Ending Legal Protection for Gun Industry

We couldn’t be more thankful that Congressman Adam Schiff (D-CA) and advocates are rallying behind a new attempt to defeat legal immunity for gun manufacturers. Schiff’s bill, HR2814, is being considered this session, and it could change the dynamic of gun violence by holding manufacturers and sellers responsible for their negligence. 

For us, the Protection of Lawful Commerce in Arms Act (commonly known by its acronym, PLCAA) isn’t just a bad law, it’s a law that has devastating personal consequences. In the aftermath of our daughter’s death, we became named plaintiffs in a lawsuit against Lucky Gunner and others, while we were associated with the Brady.Campaign to Prevent Gun Violence. 

The lawsuit failed, and despite the judge’s assertion that we would be held harmless by Brady for the hundreds of thousands of dollars in attorneys fees he awarded, we were not. We had to declare bankruptcy.

Even more importantly, the impunity with which gun manufacturers have been able to operate in the wake of PLCAA has devastating consequences for us all. 

In a recent joint discussion, participants from Giffords and Guns Down America appeared with Congressman Schiff and us to discuss the many ramifications of PLCAA, which include perverse incentives for the makers of killing weapons. 

As Congressman Schiff noted, “Good actors in this industry don’t need this protection, and the bad actors don’t deserve it.”  Robyn Thomas of Giffords added that without the threat of litigation for failure to exercise due care, PLCAA “almost empowers the industry to be negligent without any consequence.” 

Ryan Busse, who once worked in the gun industry, cited what’s happened since PLCAA as a reason for the Schiff bill. He said he wants to be part of the solution to gun violence, not part of the problem, and decried the new product development and even naming of weapons that he said reflects a radicalization among manufacturers and sellers  that’s “not good for our country.”

And what of gun manufacturers that may have tried to be responsible?
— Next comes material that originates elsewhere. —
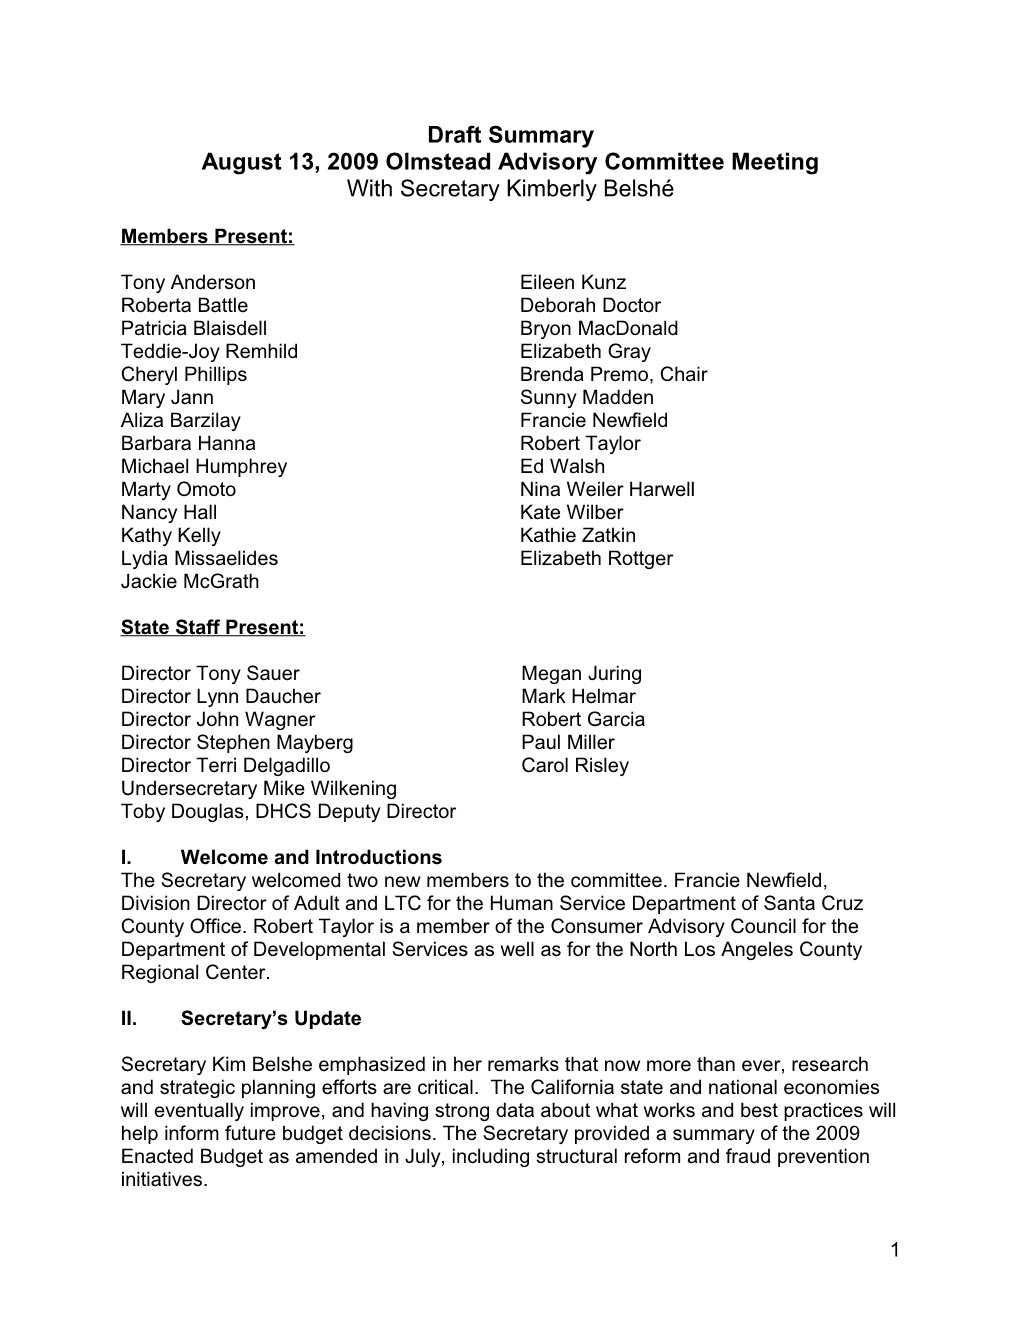 August 13, 2009 Olmstead Advisory Committee Meeting

Igor Volsky of Guns Down America said that there was a mass shunning, spurred by the National Rifle Association (NRA), of Smith & Wesson when it bucked the industry’s least responsible trends.  But that kind of pressure can be countered with another kind of pressure: from voters and others who stand up for gun safety, and in the interests of public health. 

The people’s will has caused legislative action on car safety and tobacco regulation. When liquor is sold, bar owners have liability and reason to curb excessive drinking by patrons - why should guns be treated differently?

Although the path toward getting HR 2814 passed is uphill, and not the first gun safety law likely to be adopted, Congressman Schiff has a measure of optimism, as well as determination. He thinks we may be nearing a tipping point, where being against sensible gun safety measures will be more politically dangerous than supporting them. “Once you get to that tipping point, it can go very fast,” he said, just as attaining marriage equality seemed like a very remote possibility, until all of a sudden it was law.

The tactics for moving the needle include letter writing campaigns to legislators, calls, and visits. Ryan Busse wants to see responsible gun owners speaking up. And Congressman Schiff counseled, if your legislator is already a supporter, find friends who can make the case with their legislators who might be on the fence, because constituents hold the key to making a politician take notice.

Robyn Thomas added that we should all support or reject candidates with an eye toward how they respond to gun safety issues  - and make clear to candidates you expect them to prioritize and vote to advance the gun safety cause.

Once upon a time, cars were much less safe, as were the roads. Drunk driving was much more common. Notions of public health demanded better. Litigation can be a huge incentive for doing the right thing, said Thomas. And that - in addition to fairness - is why defeating PLCAA is so important.